‘Nation’s Report Card’ Indicates Worst Decline In Math And Reading Scores In Decades

‘Nation’s Report Card’ Indicates Worst Decline In Math And Reading Scores In Decades

Scores in math and reading declined at the worst level in decades for students during the pandemic, according to a new assessment.

The National Assessment of Educational Progress (NAEP), also referred to as the “Nation’s Report Card,” released the report on tests administered to nine-year-old students nationwide this week.

“Average scores for age 9 students in 2022 declined 5 points in reading and 7 points in mathematics compared to 2020,” the report stated. “This is the largest average score decline in reading since 1990, and the first ever score decline in mathematics.”

The assessment compared reading and math scores from the winter of 2020 with the “results of long-term trend assessments in the winter of 2022.”

Black students were impacted more severely in math scores in comparison with white students, according to the assessment.

“In mathematics, the 13-point score decrease among Black students compared to the 5-point decrease among White students resulted in a widening of the White−Black score gap from 25 points in 2020 to 33 points in 2022,” the NAEP reported.

Reading scores dropped less in the comparison between pre-pandemic and post-pandemic assessments, though a decline was still detected.

Educational experts are concerned over the study and similar assessments that have revealed the pandemic’s impact on education, claiming the problem could cause decades-long problems for the nation. Peggy Carr, the commissioner of the National Center for Education Statistics that was involved in the study, expressed concerns ahead of the report’s release.

“There’s been much speculation about how shuttered schools and interrupted learning may have affected students’ opportunities to learn,” Carr wrote. “Our own data reveal the pandemic’s toll on education in other ways, including increases in students seeking mental health services, absenteeism, school violence and disruption, cyberbullying, and nationwide teacher and staff shortages.”

“I don’t think we can expect to see these 9-year-olds catch up by the time they leave high school,” Dr. Aaron Pallas, professor of Sociology and Education at Teachers College, Columbia University, told the Wall Street Journal about the report. “This is not something that is going to disappear quickly.”

The drop in scores also occurred despite record-level federal spending on education. A total of $122 billion was earmarked for K-12 schools as part of the American Rescue Plan alone.

Many states have yet to invest their portion of the federal government’s funding, according to the Wall Street Journal. Those that have are dedicating the funds to teachers, counselors, tutoring, and technology upgrades.

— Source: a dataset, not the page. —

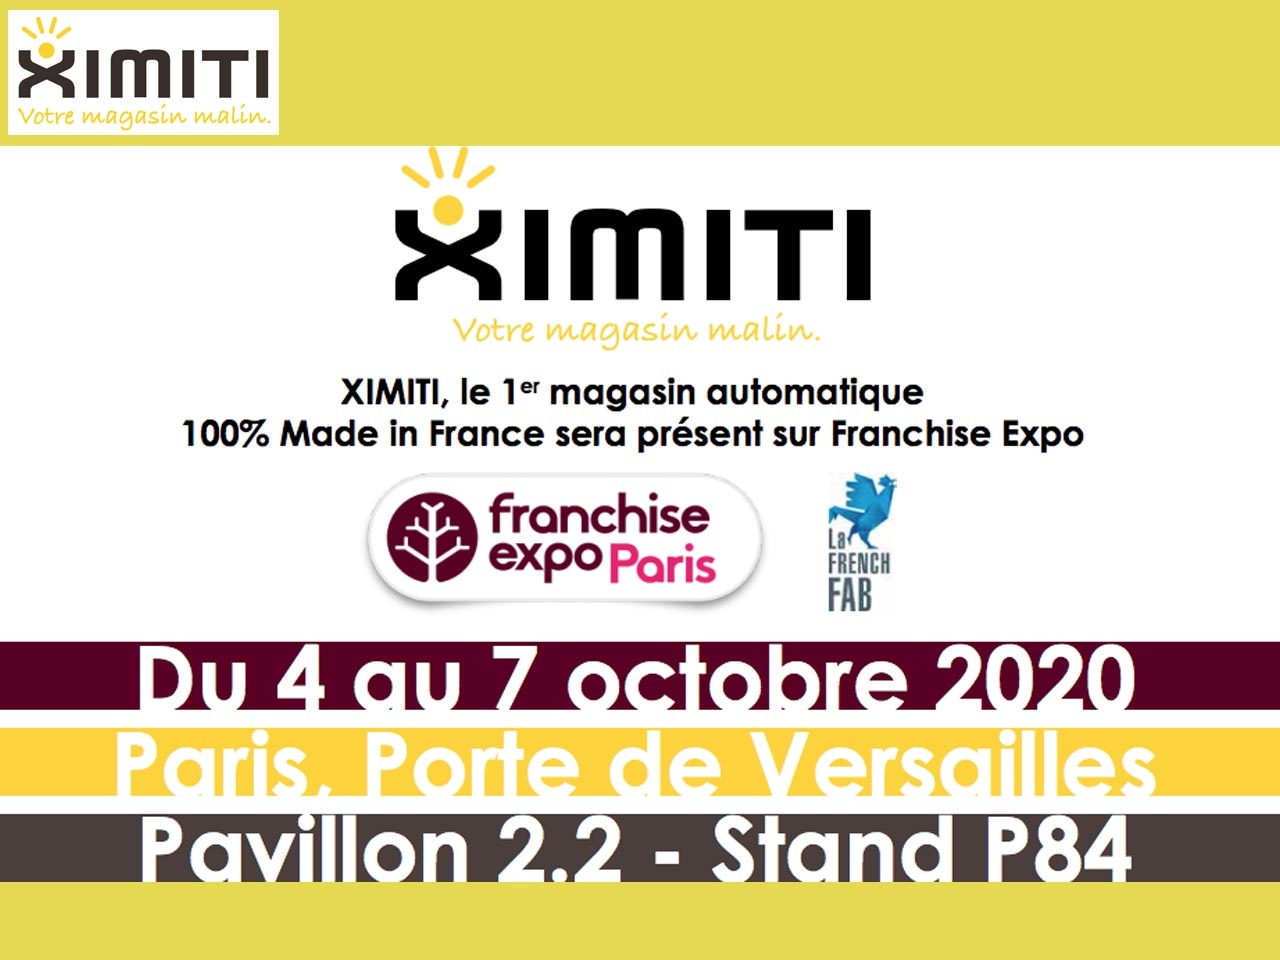 XIMITI, le 1er magasin automatique 100% Made in France sera présent sur Franchise Expo

The Daily Wire reported in July that pandemic lockdowns and remote learning have led to long-term concerns regarding students, as rates of chronic absenteeism and other serious behavioral issues are rising.

A study by the National Center for Education Statistics found that 72% of public schools over the past year reported higher rates of chronic absenteeism, defined as a student who misses at least 15 school days a year.

A separate study by EdWeek Research Center found that absenteeism rates were significantly higher in schools that were completely remote during the 2020-21 school year than in schools with in-person learning.